--- DATASET EXCERPT ---

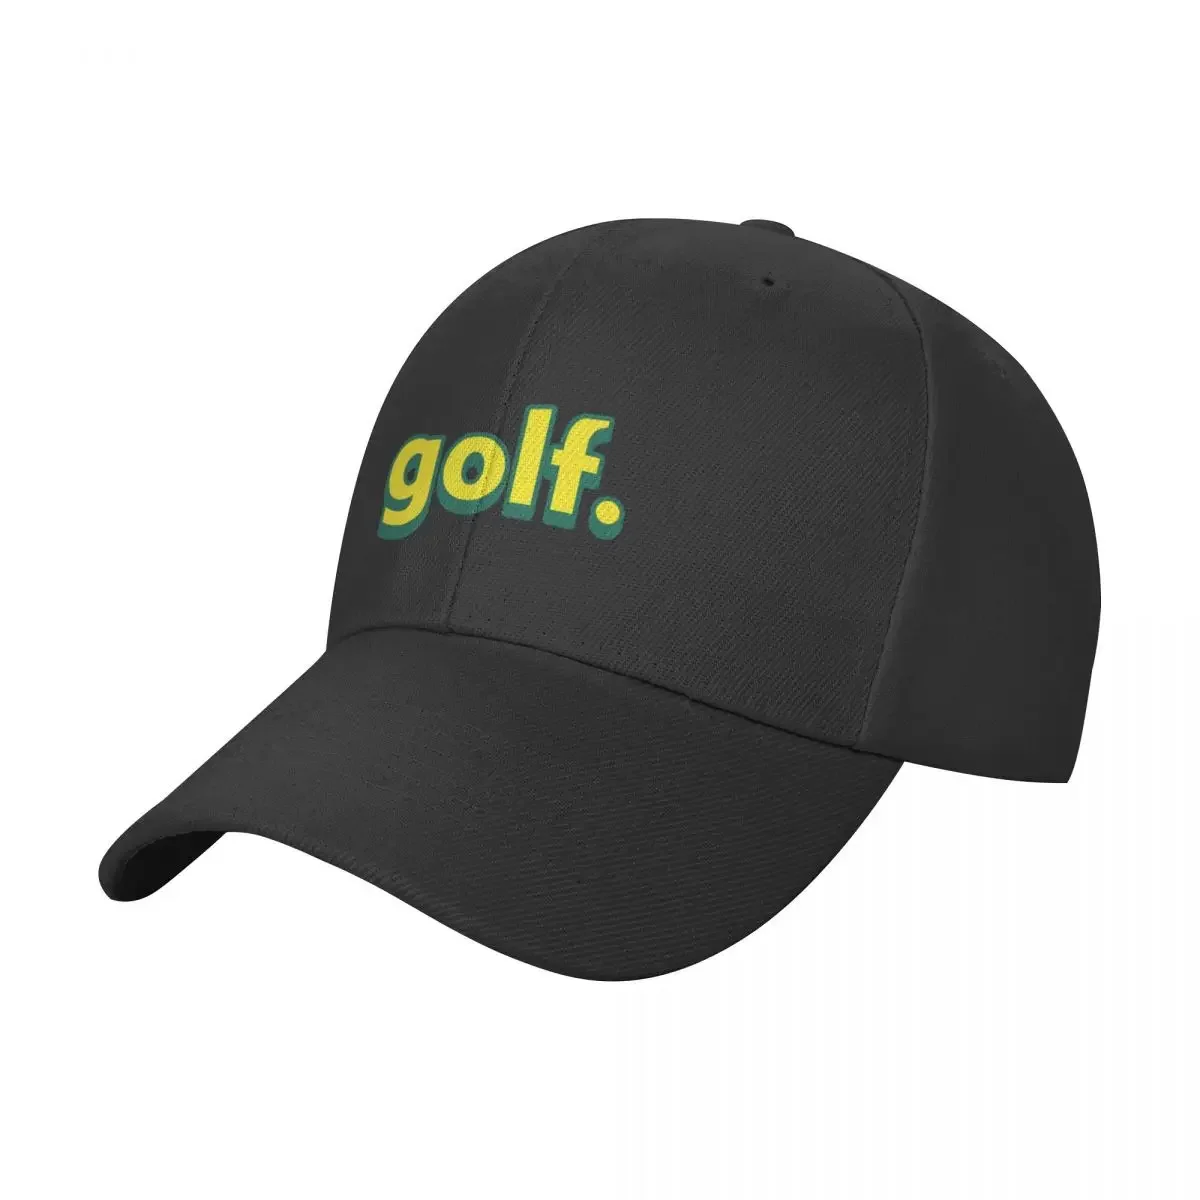 

golf - Funny Golf Baseball Cap Sun Hat For Children Trucker Hat Icon New In The Hat Hats For Women Men's
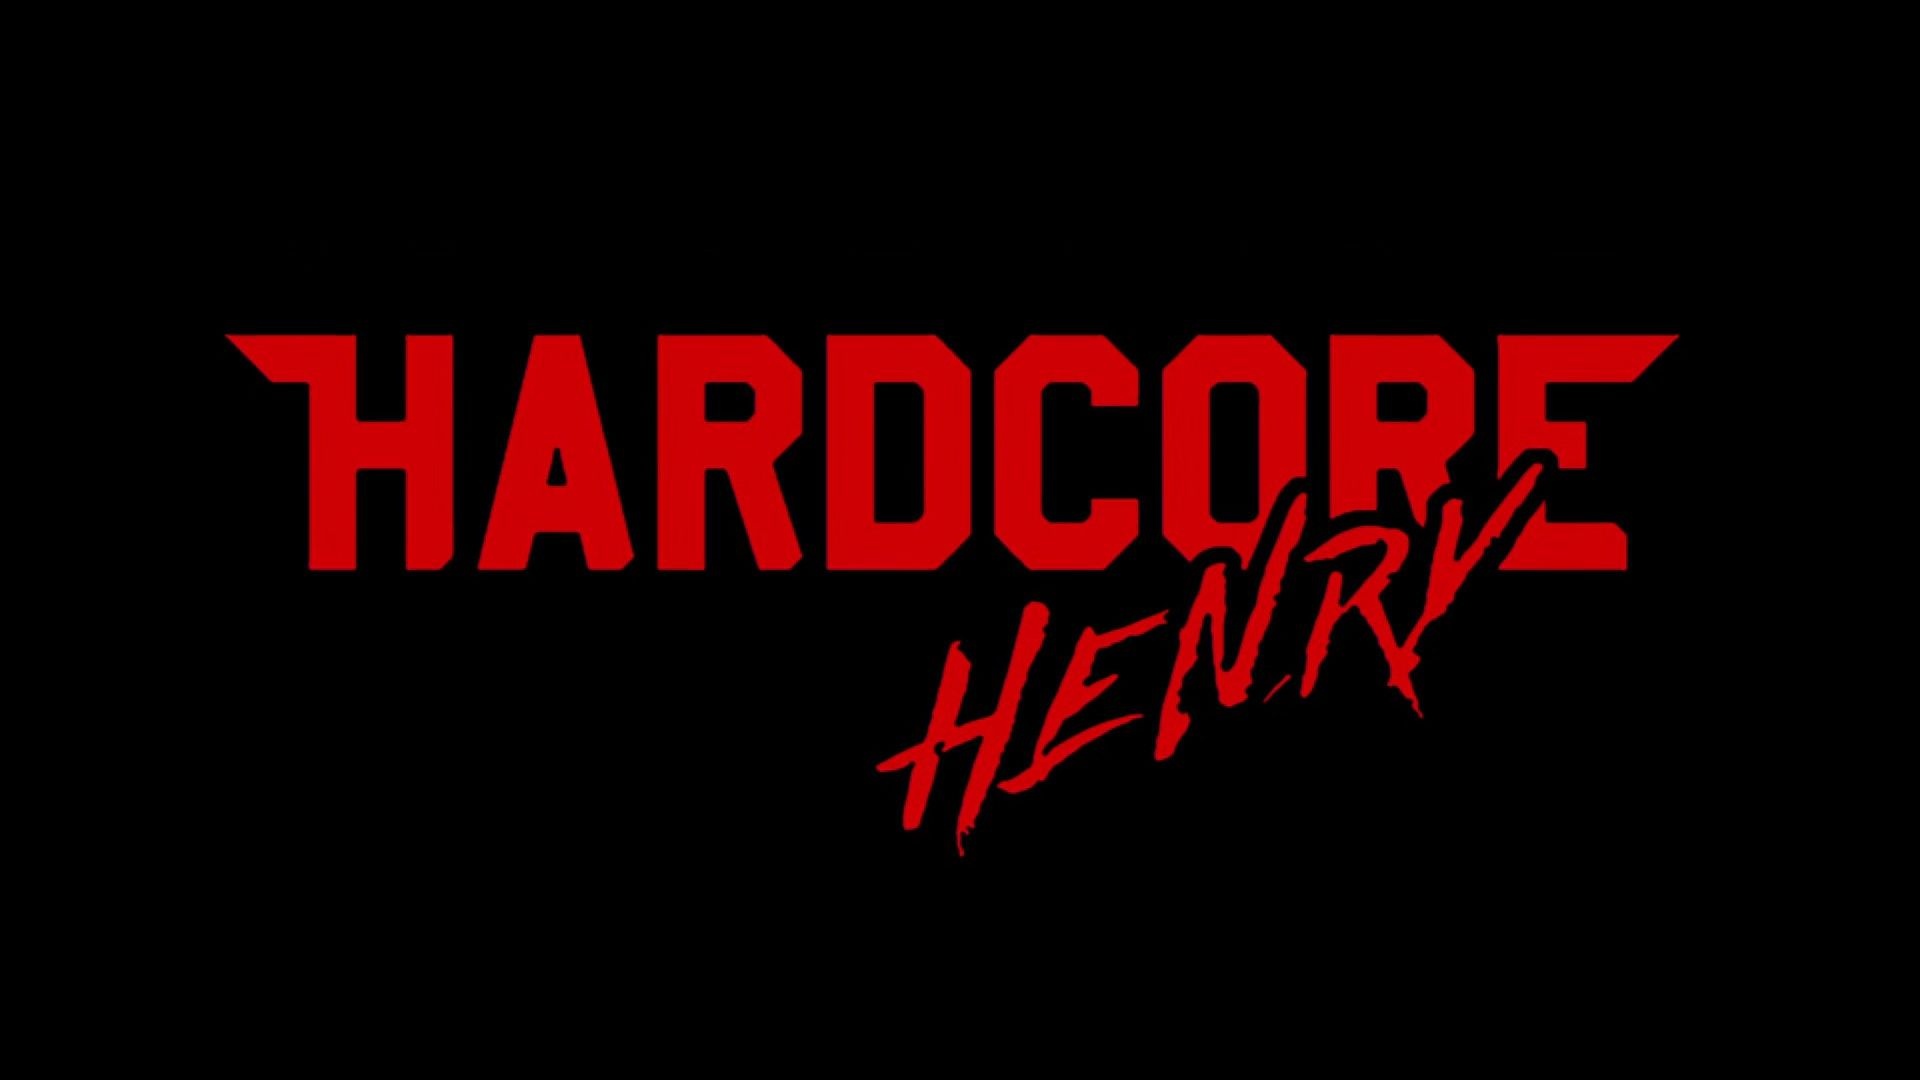 Hardcore Henry, Wallpapers, Action-packed film, Thrilling adventure, 1920x1080 Full HD Desktop
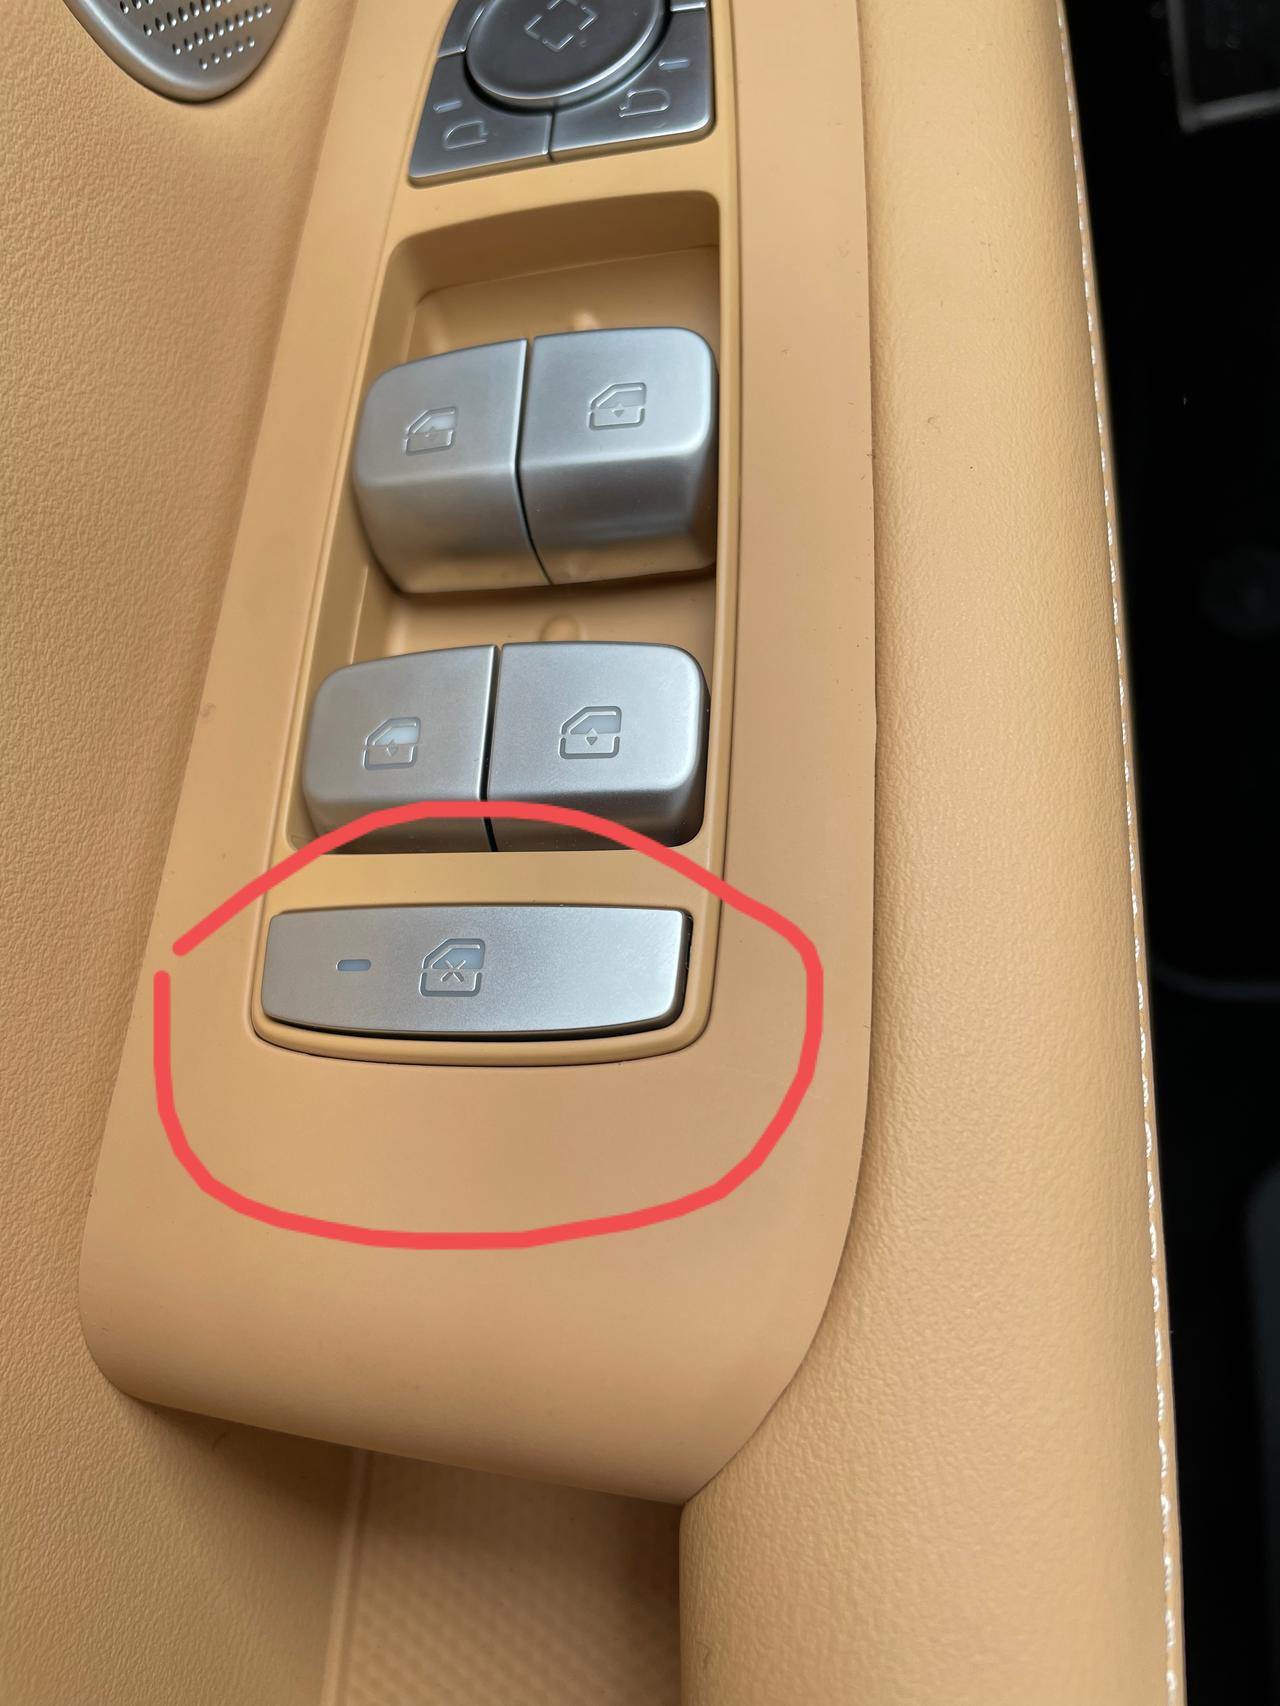 AITO问界M5 车窗上这个按钮是做啥的？

---

## TASK GOAL
Write out the data word for word, with every picture dropped.

## YOUR SOLUTION
golf - Funny Golf Baseball Cap Sun Hat For Children Trucker Hat Icon New In The Hat Hats For Women Men's
 Hardcore Henry, Wallpapers, Action-packed film, Thrilling adventure, 1920x1080 Full HD Desktop
 AITO问界M5 车窗上这个按钮是做啥的？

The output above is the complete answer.